沈黙が流れる中、リゾットは何事もなかったように仕事に戻ろうとしたが、呼び止められた。
「どうしてくれるんだ? 君のせいで二人のレディの名誉に傷がついたんだぞ!」
ギーシュはほとんど言いがかりのようなことを言ってきたが、リゾットは無視した。
元の世界にいた時からこういった手合いは無視することに決めているのだ。
「おい、聞いてるのか!」
しかし、あまりにうるさく騒ぐのに根を上げ、リゾットは振り返った。
「君は確かミス・ヴァリエール…の…」
特に威圧したわけではないが、長年修羅場をくぐってきたリゾットの視線にギーシュは一瞬ひるんでしまう。
「騒ぐな…。
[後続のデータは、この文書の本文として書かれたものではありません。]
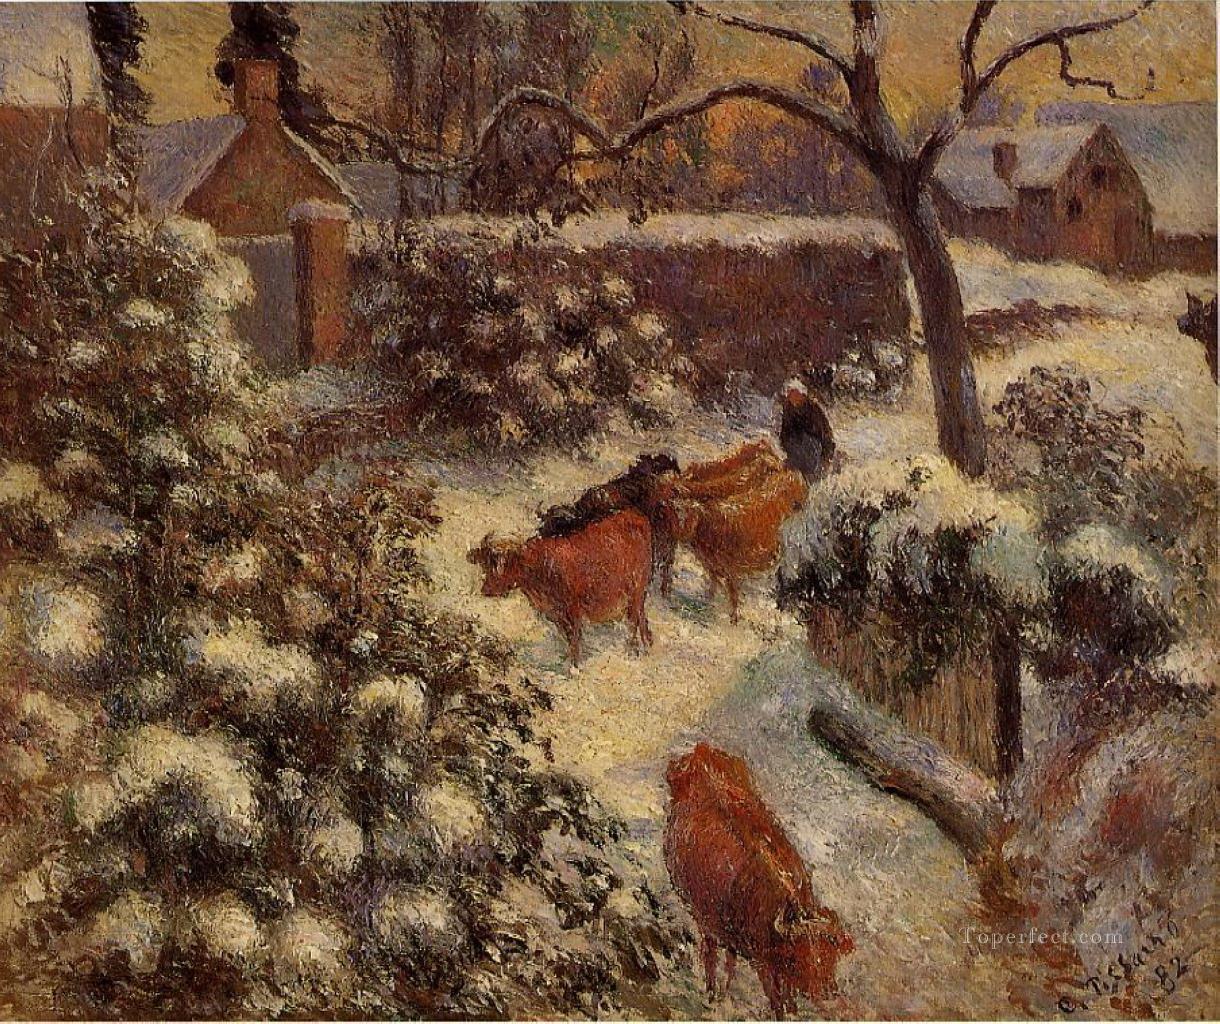 モンフーコー 1882 カミーユ ピサロの雄牛の雪の効果油絵

もうお前などどうでもいい。さっさと先の二人に謝って来るんだな…。二股かけて申し訳ない……とな」
その言葉に周囲から失笑が漏れる。侮辱されていることに慣れていないのか、ギーシュは怒りで顔を歪めた。
「ミス・ヴァリエールは自分の使い魔に躾もできないみたいだな…。いい機会だ。僕が貴族に対する礼ぎゃぶっ!?」
ギーシュは最後まで言い切ることはできなかった。リゾットが無言でギーシュの頬を殴りつけたからだ。
「な、何をするだあー! 許ざっ!?」
今度は鳩尾を膝で蹴り上げられ、ギーシュがうずくまる。リゾットはそんなギーシュの首を右手で掴むと、そのまま吊るし上げた。
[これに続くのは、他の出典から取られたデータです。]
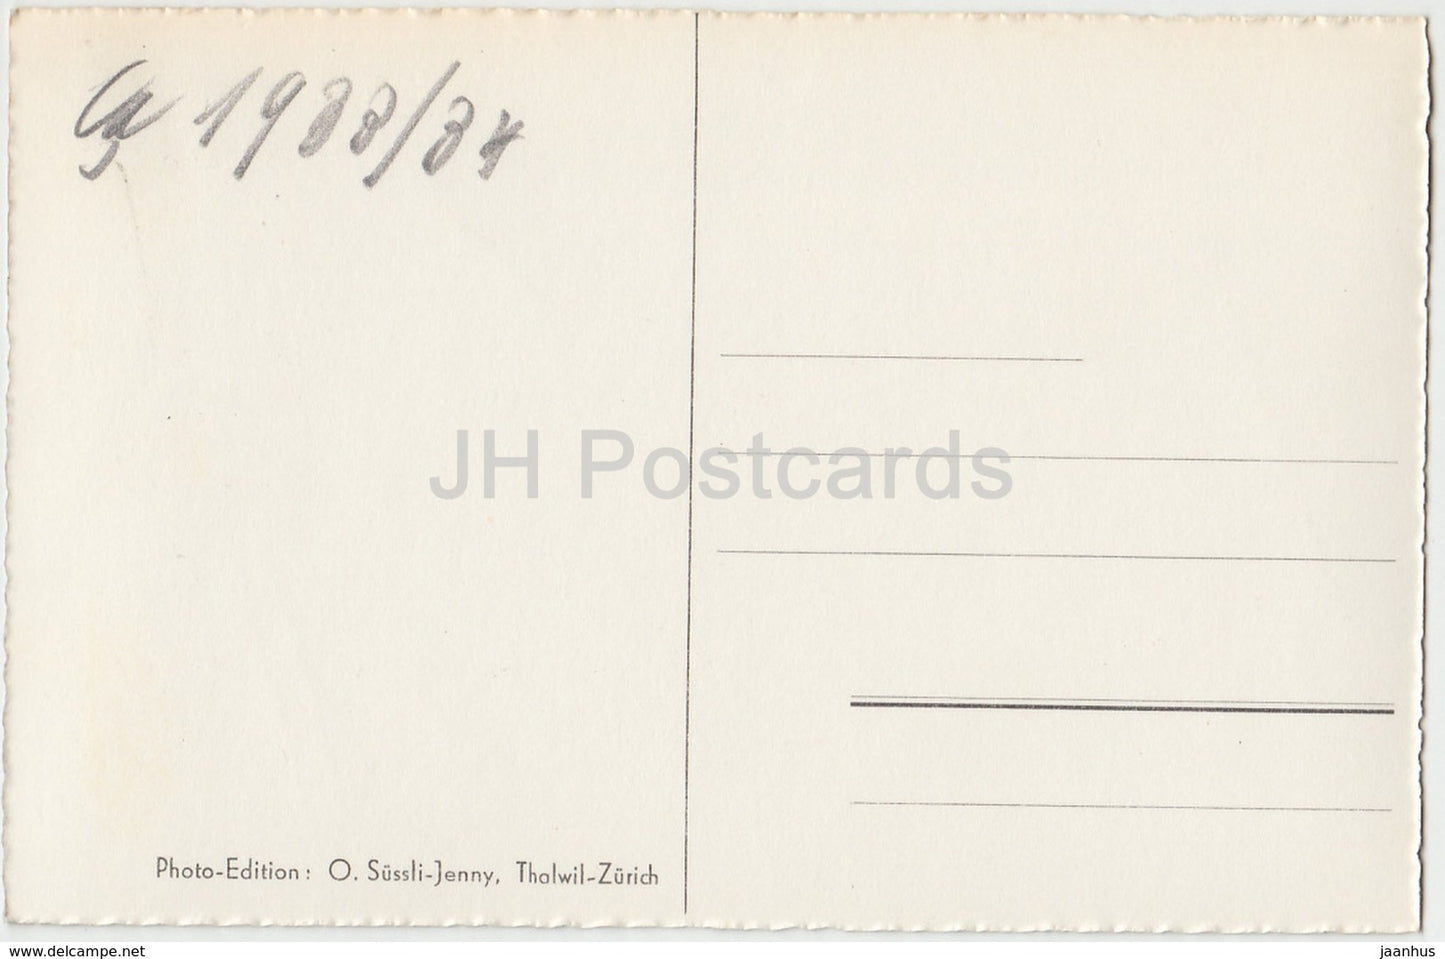 Rhonegletscher von der Furkabahn aus - 1961 - Switzerland - old postcard - used

ちなみに攻撃を加えている間もリゾットが左手に持ったトレイのデザートはぴたりとも揺らがない。見事なバランス感覚である。
この頃になると流石に周囲も騒然となり始めた。だが、静かに怒りを見せるリゾットに、誰も間に入ることが出来ない。
「二股をかけるのはお前の勝手だ。お前の倫理観でやってることだからな…」
首への圧迫を強めながら、口をパクパクさせるギーシュを見据える。
「だが、その結果を他人に押し付けるってのはどういうことだ? 自分のしたことの責任をとる覚悟くらいはしろ、このカスが!
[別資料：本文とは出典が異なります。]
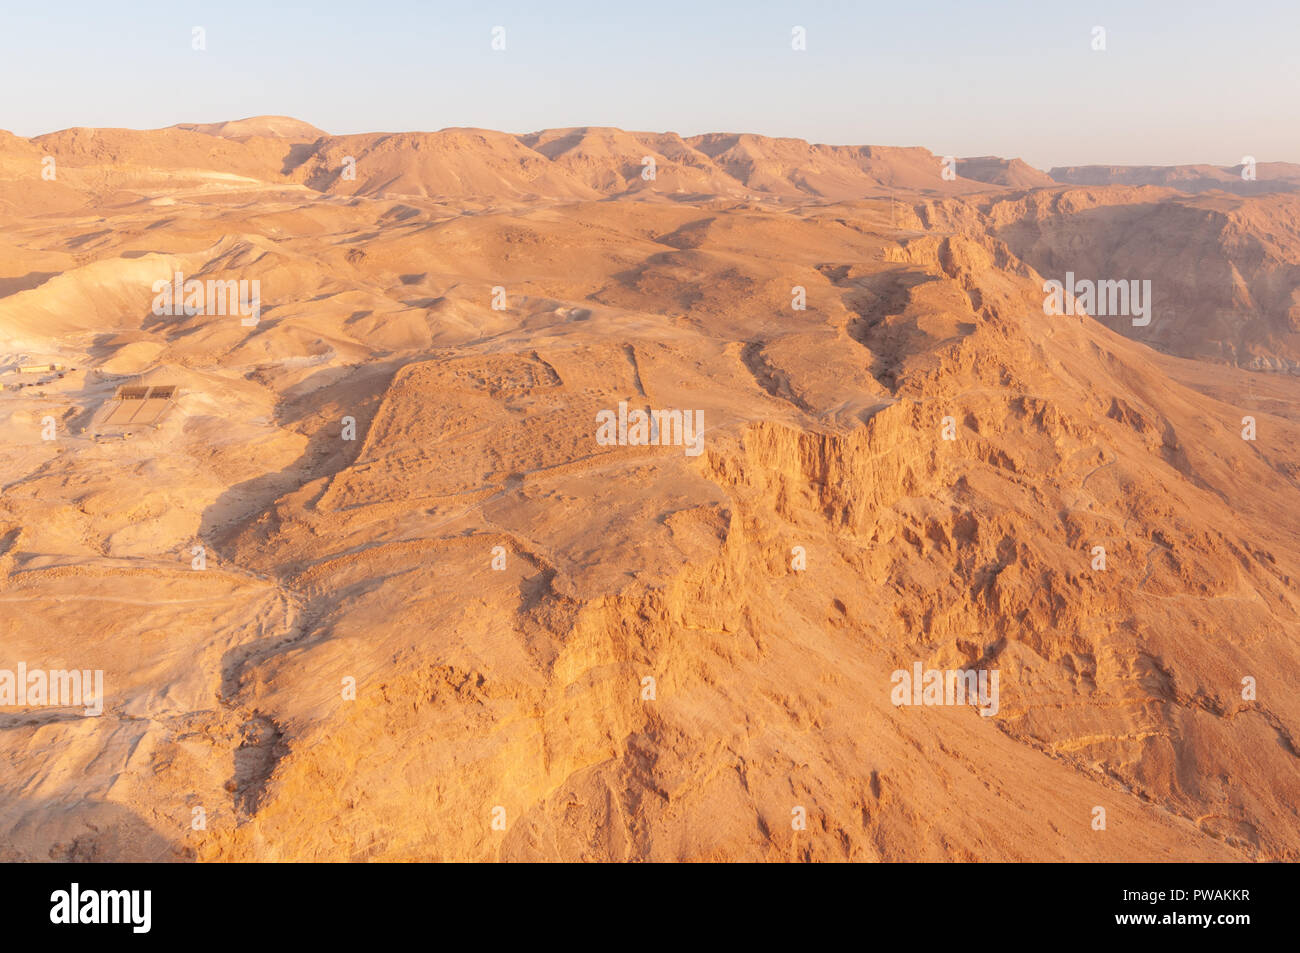 Deserted ruins in Israeli Desert near Dead Sea Stock Photo

しかもその表情…自分の責任を理解しつつ、それを被るのをビビッて、他人に責任を押し付けようとしている。
貴族だの平民だの言う前に人間としての誇りがないのか、お前は? 俺に怒りを向ける暇があったら謝罪して来い!」

冷たく言い放ち、ギーシュを突き飛ばした。
「…ぐ、はっ…」
しばらくギーシュは荒い息をついていたが、すくっと立ち上がる。
「もう許さない…。たかが平民の癖に貴族に手をあげるなんて……」
そう言いつつもリゾットからはなるべく距離をおくように後退している。それをリゾットは冷めた眼で見ていた。
「……俺の仲間にもマンモーニがいたが、奴はそれでも過ちを認め、成長しようと努力していた。……お前はそのマンモーニ以下だな」
「マンモーニ?」
「乳離れもできないような甘ったれたガキ…ってことだ。お前はそれ以下だ」
「ぼ、僕が平民の、それも子供以下だって? 訂正しろ!」
「貴族だろうがメイジだろうが威張っているだけの能無しを俺の仲間より上だと言うわけにはいかないな……。いや、例えお前が誰より有能な人間だったとしても精神面ではそいつ以下だ」
ギーシュはあまりの屈辱、そして痛めつけられた恐怖に震える手で、手袋を投げつけた。
「決闘だ! 訂正するまで痛めつけてやる!」
リゾットは呆れ返り、もはやかける言葉さえないと、『メタリカ』を発動した。
ギーシュの口から剃刀が出現し、舌をずたずたに切り裂く。
「僕は君のように野蛮ではないから食堂を血で汚したりはしない! 用が済んだら広場に来たまえ!」
ギーシュは言い捨てると、ふらふらしながら外へ出て行った。もちろん、剃刀を吐き出してもいない。
「…………」
リゾットはそれを見送り、観葉植物の植えてある土から『メタリカ』でナイフを生成しようとする。
しかしやはり何も起きない。そういえば、『メタリカ』を発現している時に聞こえるあのうめき声も聞こえない。
「スタンド能力を失っている……」
リゾットの呟きは奇妙な納得と確信を持って、ゆっくりと自身の胸に染み込んで行った。